ISBN: 9784120057885
発売⽇: 2024/06/07
サイズ: 2.5×19.1cm/224p
「オパールの炎」 [著]桐野夏生
今月、ウーマンリブ運動を牽引(けんいん)した、田中美津さんの訃報(ふほう)があった。男性主体だった学生運動に失望する形で生まれ、「第二波フェミニズム」へと至る潮流は、一九七〇年代に大きなうねりを見せた。半世紀が経った今、当事者たちも鬼籍に入る年齢となっている。
本書の主人公もまた、女性が声をあげた時代にスポットライトを浴びた一人だ。作中、塙玲衣子の名で登場するが、モデルが存在する。「中ピ連」こと「中絶禁止法に反対しピル解禁を要求する女性解放連合」を率いた、榎美沙子である。
その名を聞き、ピンクのヘルメットを嘲笑まじりに思い出す読者も多いだろう。不貞を働いた男の会社へ詰め寄り、慰謝料請求のシュプレヒコールを叫ぶ活動は、色物のように扱われた。メディアから姿を消し、平成に入ると消息不明の報が。それを伝える週刊誌の筆致からは、彼女を物笑いの種とするマスコミの姿勢が変わっていないことがわかる。男社会の逆鱗(げきりん)に触れた女なのだ。
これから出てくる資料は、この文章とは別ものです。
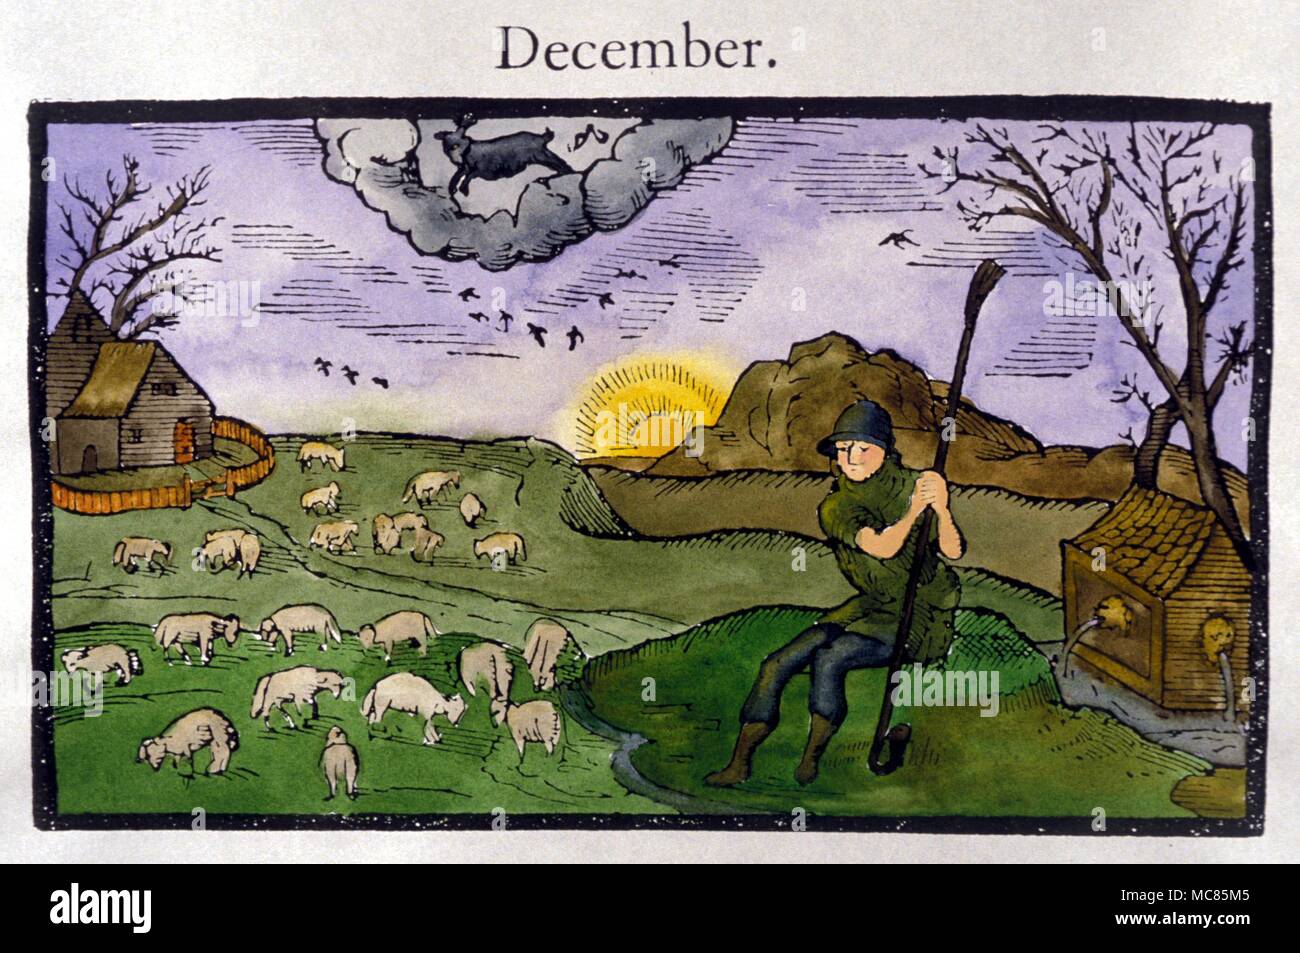 Signes du Zodiaque - Capricorne. Le bouc du Capricorne, du mois de décembre. À partir de la série de 'mois' utilisé comme dans les vignettes de l'Edmund Spenser Fairie Queene 'la', dérivé de son 'Calendrier' du hepheard de 1579. Banque D'Images

フィクションの中に、「塙玲衣子」当人は姿を見せない。代わるがわる登場するのは、彼女と関わりを持つ周辺人物だ。かつての同志、幼馴染(おさななじ)み、記者、元夫、被害者家族、隣人。有吉佐和子の『悪女について』式に、関係者の証言によってプリズムのごとく人物像が立ち上がっていく。
世間を騒がせた女について、さまざまな立場の人間が紡ぐ口述の歴史。一貫しているのは、方法はさておき「塙玲衣子」の主張は正しかった、早すぎた、という評価だ。低用量ピルが日本で承認されたのは一九九九年と、欧米から約四十年遅れ。スピード認可されたバイアグラの半年後というオチは「日本は男の天国」であることの、実に情けない証左だった。
あざけられながらも、そこに真っ向から挑んだ女の物語である。同時に、声をあげた女性が社会から消された事実を、いま一度、私たちに問いかける物語でもある。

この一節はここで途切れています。